Text handling

Applications with a graphical user interface (and games surely fall into this category) are able to interact with users by displaying text and by expecting textual input from the user. We have already scratched the surface of this topic in the previous chapter by using the QString class. Now, we will go into more details.

Manipulating strings

Text in Qt is internally encoded using Unicode, which allows to represent characters in almost all languages spoken in the world and is de facto standard for native encoding of text in most modern operating systems. You have to be aware though that contrary to the QString class, the C++ language does not use Unicode by default. Thus, each string literal (that is, each bare text you wrap in quotation marks) that you enter in your code needs to be converted to Unicode first before it can be stored in any of Qt's string handling classes. By default, this is done implicitly assuming that the string literal is UTF-8 encoded, but QString provides a number of static methods to convert from other encodings such as QString::fromLatin1() or QString::fromUtf16(). This conversion is done at runtime, which adds an overhead to the program execution time, especially if you tend to do a lot of such conversions in your programs. Luckily, there is a solution for this:

QString str = QStringLiteral("I'm writing my games using Qt");

You can wrap your string literal in a call to QStringLiteral, as shown in the preceding code, which if your compiler supports, will perform the conversion at compile time. It's a good habit to wrap all your string literals into QStringLiteral but it is not required, so don't worry if you forget to do that.

We will not go into great detail here when describing the QString class, as in many aspects it is similar to std::string, which is part of the standard C++. Instead, we will focus on the differences between the two classes.

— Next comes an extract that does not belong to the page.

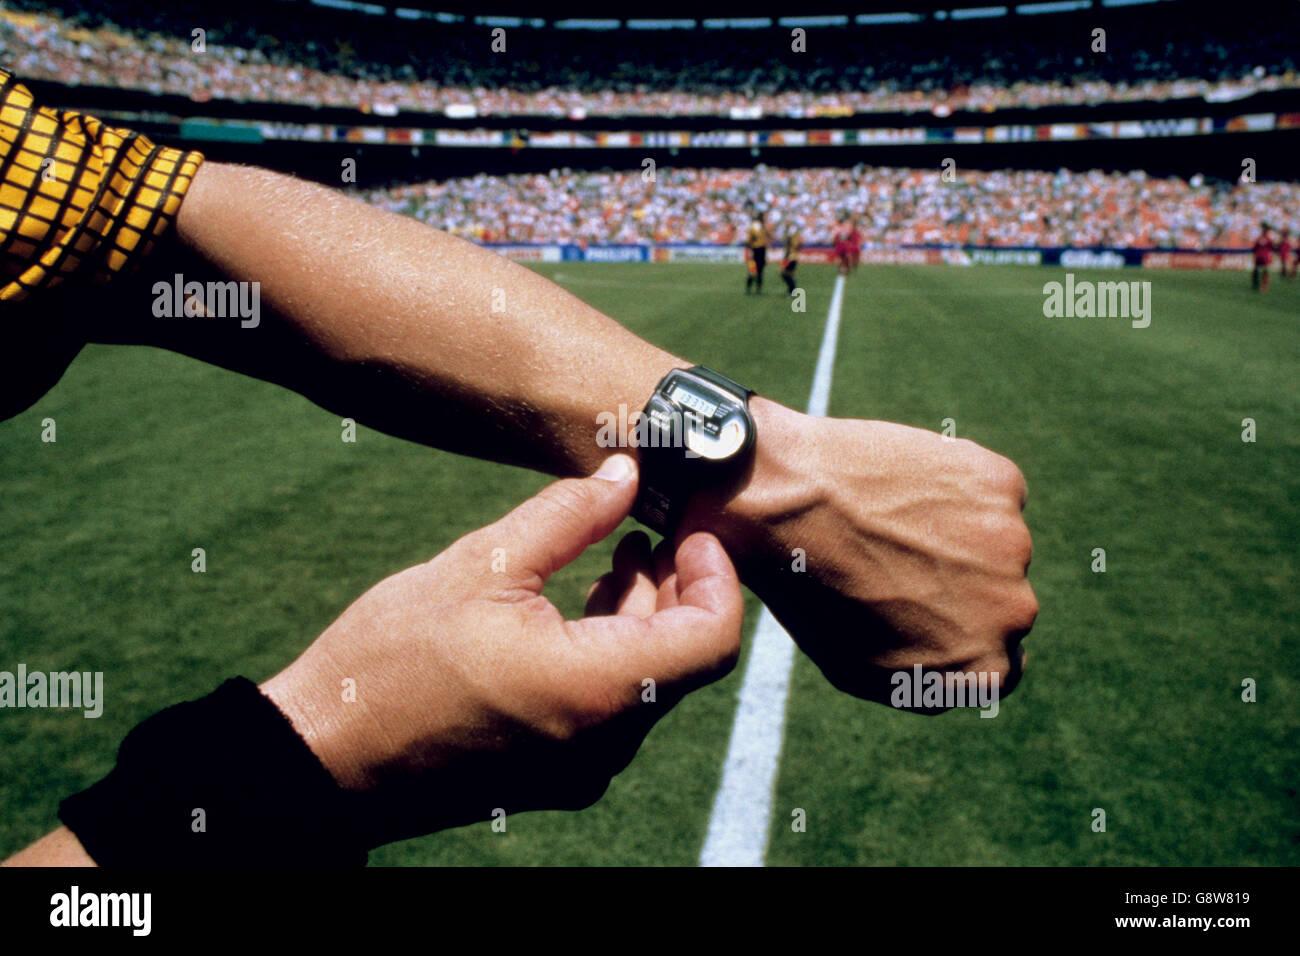 Soccer - World Cup USA 1994 - Group F - Belgium v Saudi Arabia - RFK Memorial Stadium - Stock Image

Encoding and decoding text

The first difference has already been mentioned—QString keeps the data encoded as Unicode. This has the advantage of being able to express text in virtually any language at the cost of having to convert from other encodings. Most popular encodings—UTF-8, UTF-16, and Latin1—have convenience methods in QString for converting from and to the internal representation. But, Qt knows how to handle many other encodings as well. This is done using the QTextCodec class.

Tip

You can list the codecs supported on your installation by using the QTextCodec::availableCodecs()static method. In most installations, Qt can handle almost 1,000 different text codecs.

Most Qt entities that handle text can access instances of this class to transparently perform the conversion. If you want to perform such conversion manually, you can ask Qt for an instance of a codec by its name and make use of the fromUnicode() and toUnicode() methods:

QByteArray big5Encoded = "你好";
QTextCodec *big5Codec = QTextCodec::codecForName("Big5");
QString text = big5Codec->toUnicode(big5Encoded);
QTextCodec *utf8Codec = QTextCodec::codecForMib(106); // UTF-8
QByteArray utf8Encoded = utf8Codec->fromUnicode(text);

Basic string operations

The most basic tasks that involve text strings are those where you add or remove characters from the string, concatenate strings, and access the string's content. In this regard, QString offers an interface that is compatible with std::string, but it also goes beyond that, exposing many more useful methods.

Adding data at the beginning or at the end of the string can be done using the prepend() and append() methods, which have a couple of overloads that accept different objects that can hold textual data, including the classic const char* array. Inserting data in the middle of a string can be done with the insert() method that takes the position of the character where we need to start inserting as its first argument and the actual text as its second argument. The insert method has exactly the same overloads as prepend and append, excluding const char*. Removing characters from a string is similar. The basic way to do this is to use the remove() method that accepts the position at which we need to delete characters and the number of characters to delete is as shown:

QString str = QStringLiteral("abcdefghij");
str.remove(2, 4); // str = "abghij"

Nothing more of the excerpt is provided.